Internal time series data was being merged incorrectly: The CockroachDB UI keeps track of monitoring time series data which is replicated. The replicas merge the time series data when read, but an occasional legitimate read would creep in on the leader, causing a bug in the merge functionality (fixed via #5515).

内部时间序列数据合并不正确：CockroachDB UI 跟踪监视复制的时间序列数据。副本在读取时合并时间序列数据，但偶尔的合法读取会悄悄进入领导者，导致合并功能出现错误（通过＃5515修复）。
Floating point addition might be non-deterministic: While fixing the above time series issue, we got super paranoid and as a defensive measure decided to not depend on the replica replay of floating point addition. We were aware of floating point addition being non-associative, and although we knew our floating point additions were being replayed in a definite order and didn’t depend on the associativity property, we adhered to the mantra, “only the paranoid survive,” and got rid of them (fixed via #5905).

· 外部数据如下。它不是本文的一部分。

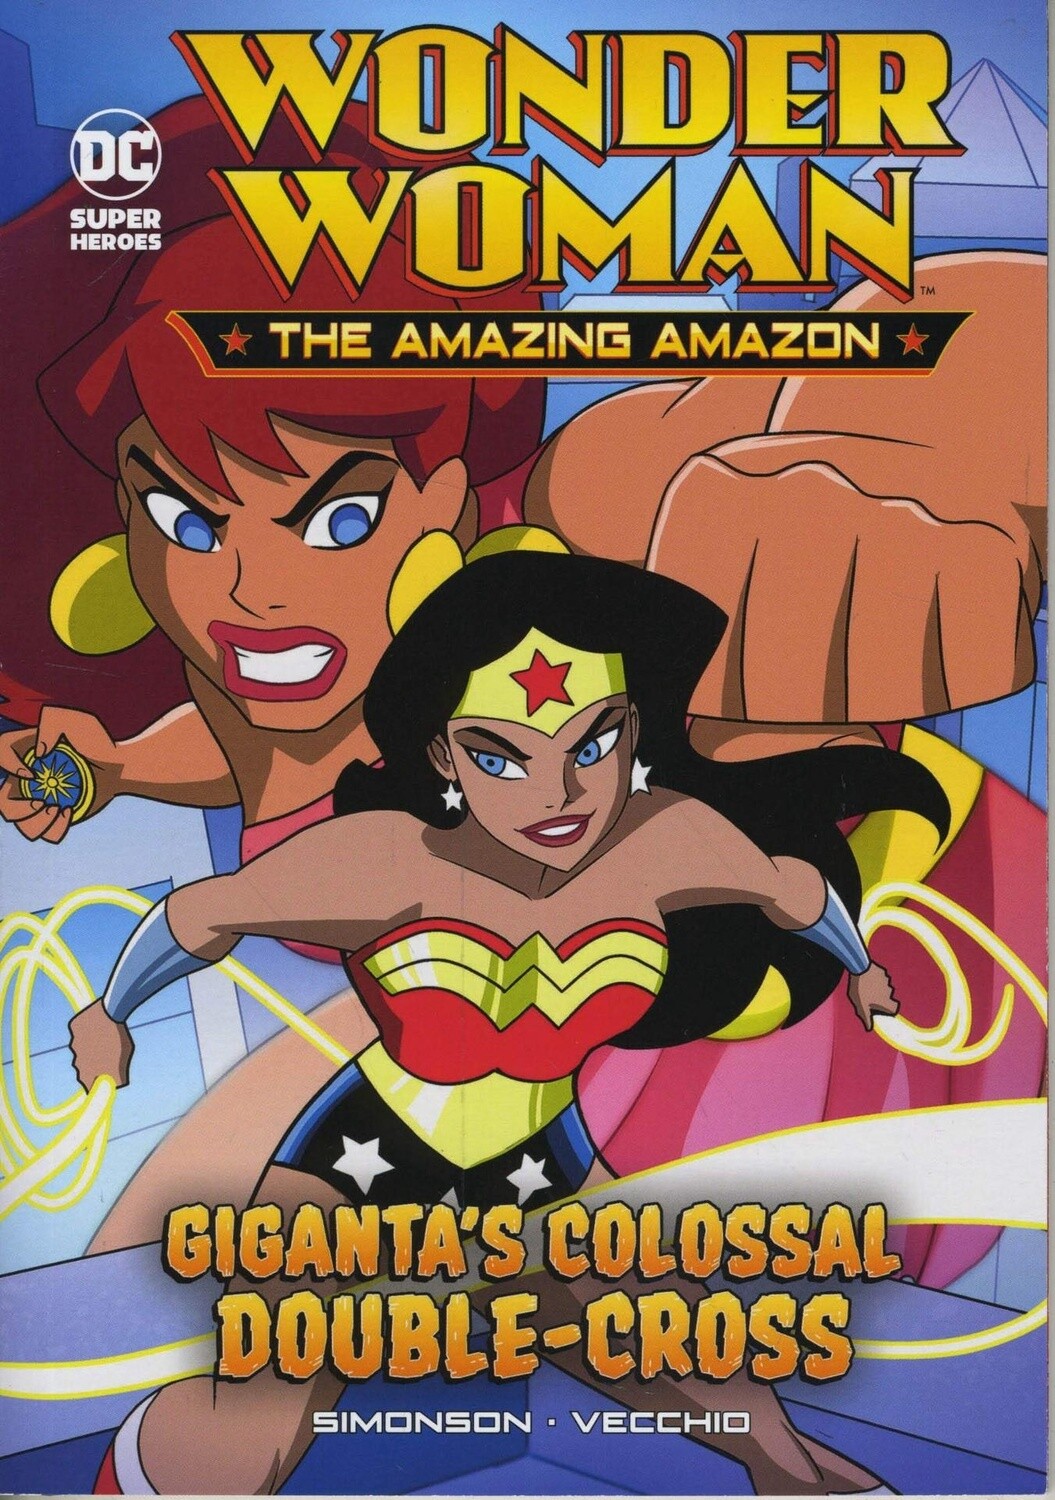 Wonder Woman: The Amazing Amazon: Giganta's Colossal Double-Cross

浮点加法可能是不确定的：在解决上述时间序列问题时，我们变得超级偏执，作为一种防御措施，决定不依赖于浮点加法的副本重放。我们知道浮点加法是非关联性的，尽管我们知道我们的浮点加法是以明确的顺序重播并且不依赖于关联性属性，但我们坚持这样的口头禅：“只有偏执狂才能生存” 并摆脱了它们（通过#5905修复）。

Conclusion

We’ve built a new database that you can trust to survive. With trust comes verification, and we built that into CockroachDB. CockroachDB offers other features like indexes, unique columns, and foreign keys, that you can trust to work properly. We plan on building automatic online verification mechanisms for them, too. We look forward to discussing them in the future.

我们建立了一个值得您信赖的新数据库。信任带来验证，我们将其内置到 CockroachDB 中。 CockroachDB 提供其他功能，如索引、唯一列和外键，您可以相信它们可以正常工作。我们也计划为他们建立自动在线验证机制。我们期待将来讨论它们。